# UK master or Australia



## swwm2004 (Jan 27, 2014)

If anyone could give me a few pointers, Id really appreciate it,

I need to choose between the two university offer one from Reading university and one from Tasmania university.

First of all i am from Sudan resident on Saudi Arabia i have experience on IT more than 10 years on networking and IT solutions now i am working as project manager.

I am looking to have business if i get chance for that or work as IT consulting.

Master degree will improve me and my career but as long as stay in Saudi Arabia it will not last for ever because they not provide ay citizenship and no jobs in my country as there no even good future.

So i am confuse because really UK degree is very strong and it is give me what i need as first point second point its faster it is only 1 year (12 month) third point its cheaper compare to my second offer from Australia univeristy, the only thing that its difficult to get citizenship and work opportunity is poor and life is hard there.

Australia university is to old it is the fourth university in world opened as first point, the degree can end as PHD holder or master depend on courses i take but uk only i will get master for PHD i have to apply for ti as second point, for third point i can take citizenship it is not hard work opportunity is open wide and life is easier compare to UK even i can save some money despite UK, but it is higher fees rate and long time take .

For me nothing guarantee for citizen ship and work but there is high chance or poor chance.

So with UK i will get degree but i have to get back to middle east and i dont know what it will end up with me, but offcourse here UK degree appropriate more than Aus it is more power here.

Or go Australia and maybe get citizen ship so i will have a place that i can turn back to when i get no chance in middle east.

MSc in Business Technology Consulting (full-time) at Henley Business School -Reading University


Master of Information Technology and Systems – University of Tasmania


i pass the stage which is talking to family and close friend, i am not looking for directing my life but to get a opinion and wise...

i came here because ppl from AU will give me at least information about this university or this area i mean Tasmania as life for new ppl or education issues, also they can give me advise whither this course is good and it will open for you jobs chances in AU easy or there no big value for it that will help me more to decide...

Also some maybe have idea about UK and could give some points to adjust my judge for better...

Beside maybe here some ppl expert in education or in IT field and they can let me now whither both course is good for future and it is needed in market or not..

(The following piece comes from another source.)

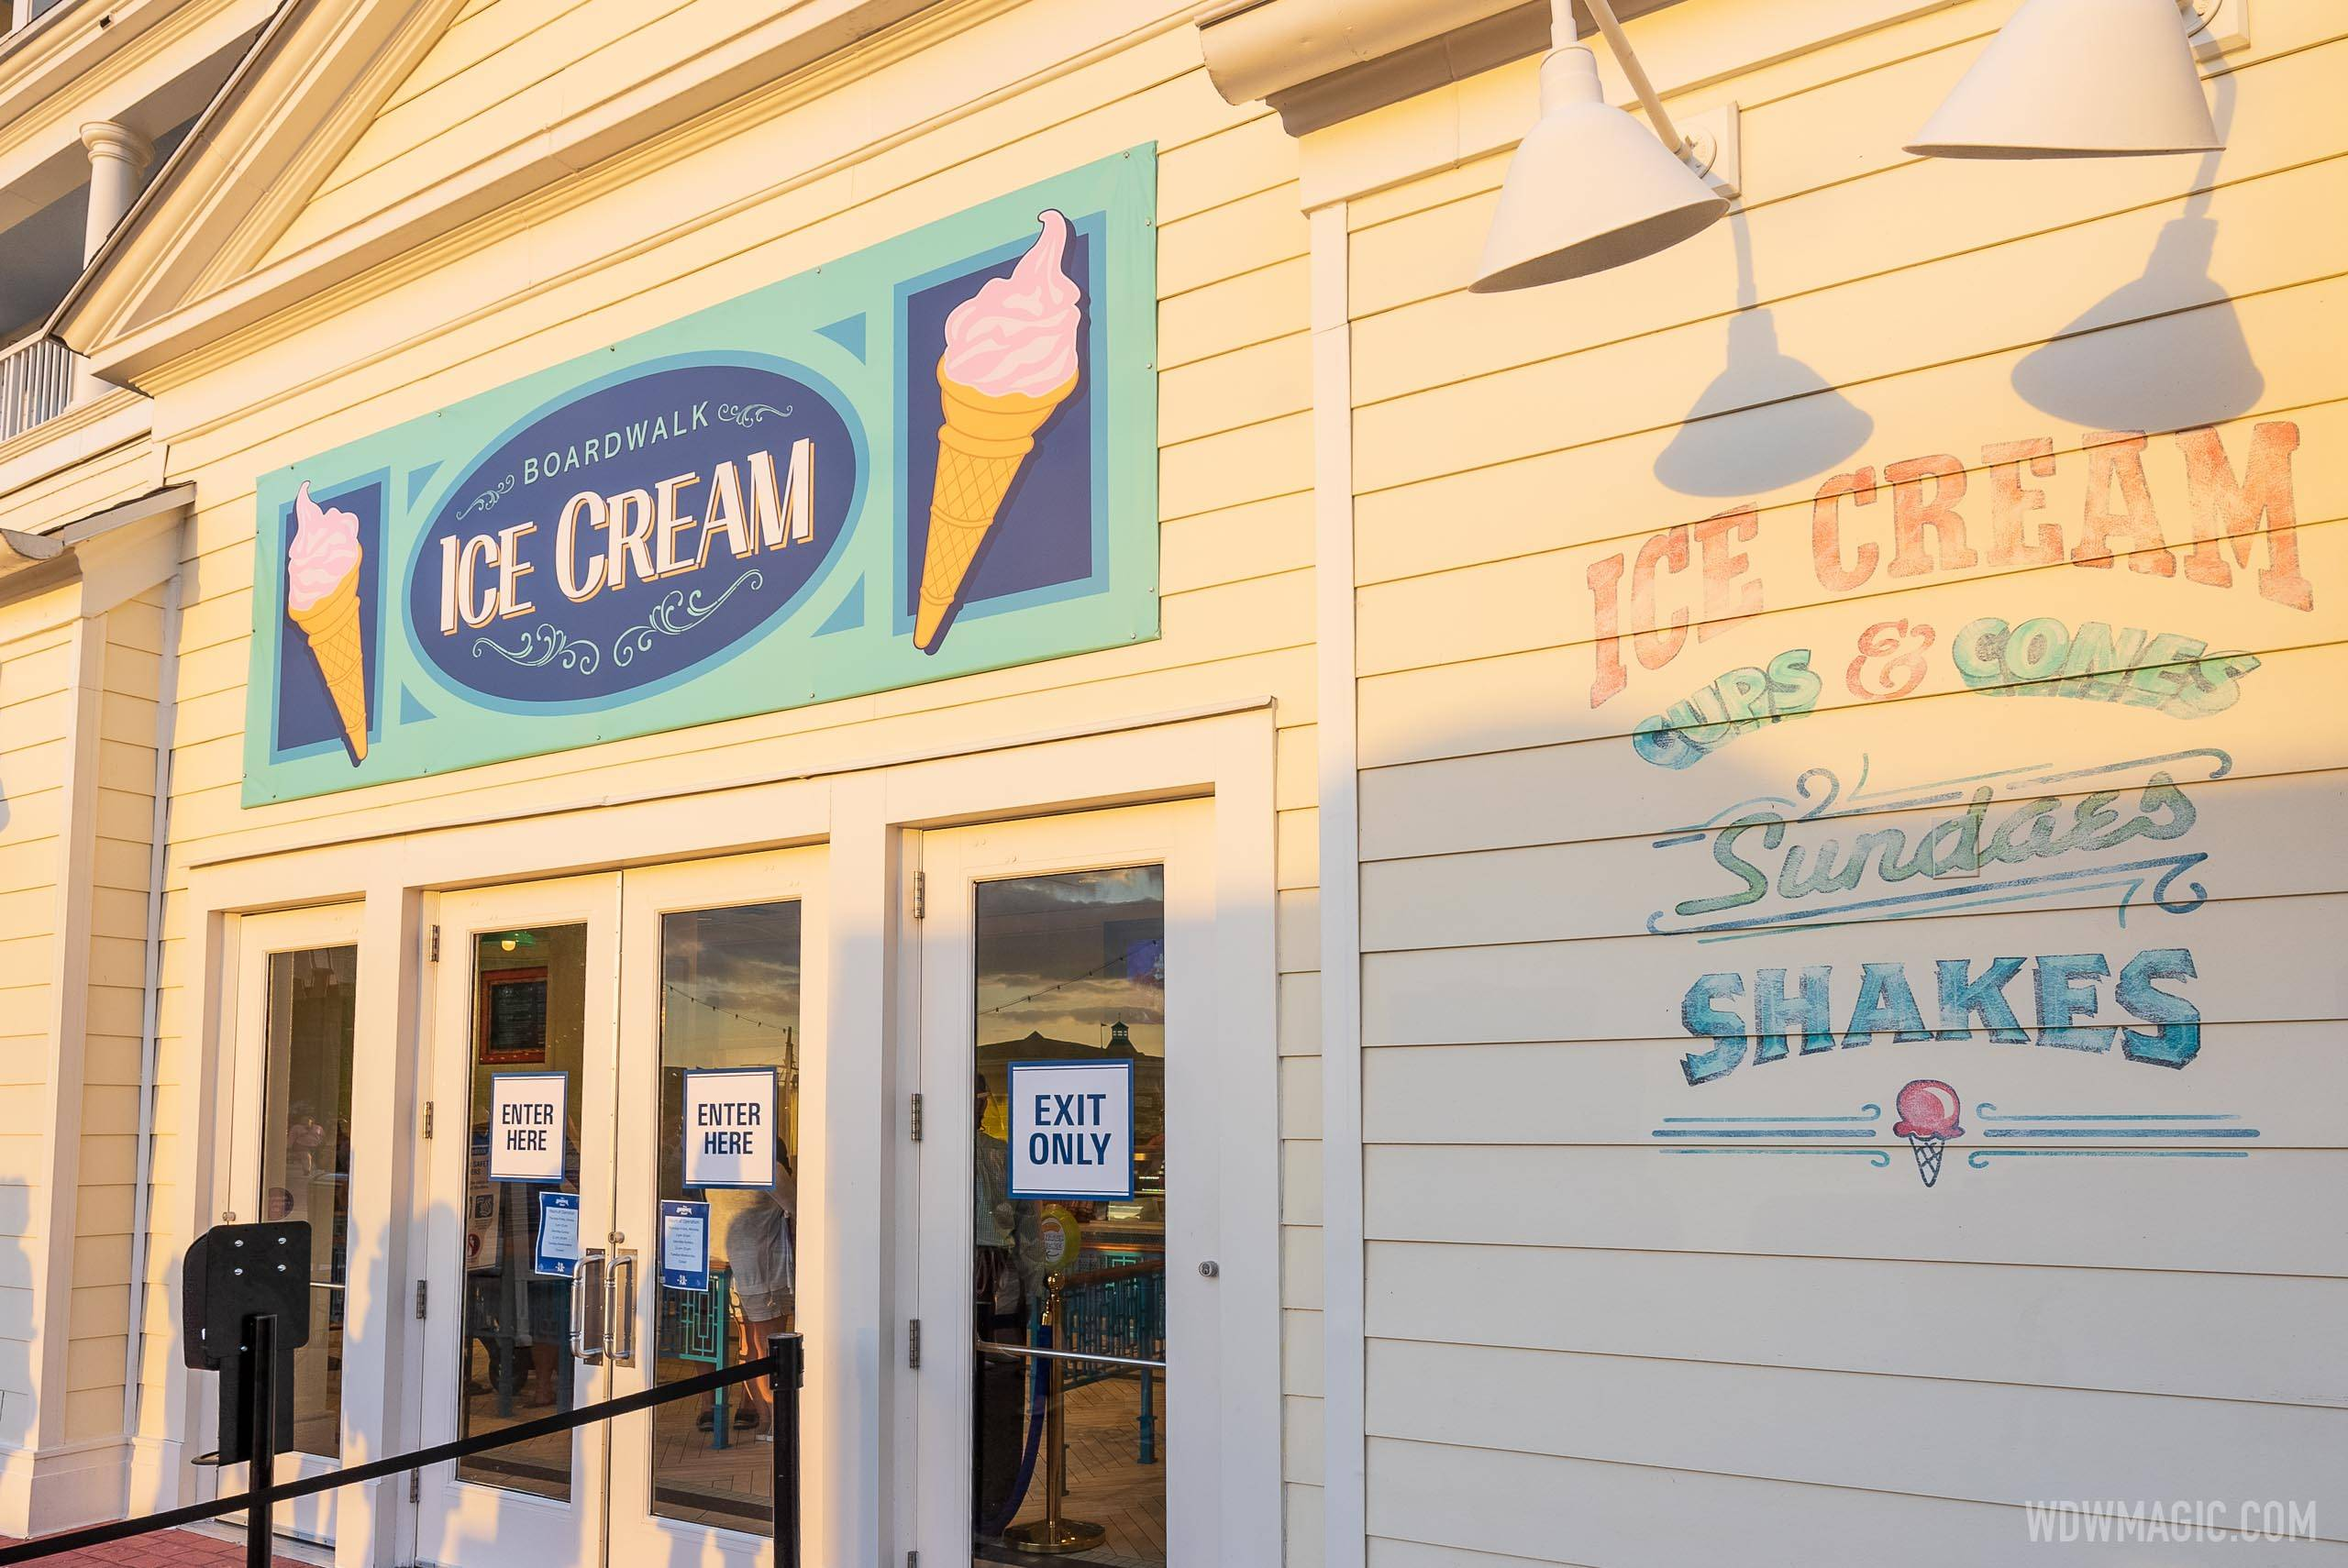 BoardWalk Ice Cream overview

For me my heart says MSc in Business Technology Consulting (full-time) at Henley Business School -Reading University is better as it is near to what i want and also i am not intended to work as technical wise only for ever because of age off course and companies like younger more but i am looking to be consultant or work in managerial area, this course has all business and consulting and managerial but in Technology filed.

But as country off course my heart will choose AU because it is provide better life chances and jobs opportunity.

So your Advise will give me more

Thanks


----------



## swwm2004 (Jan 27, 2014)

UP 11111 Pls HELP and advise


----------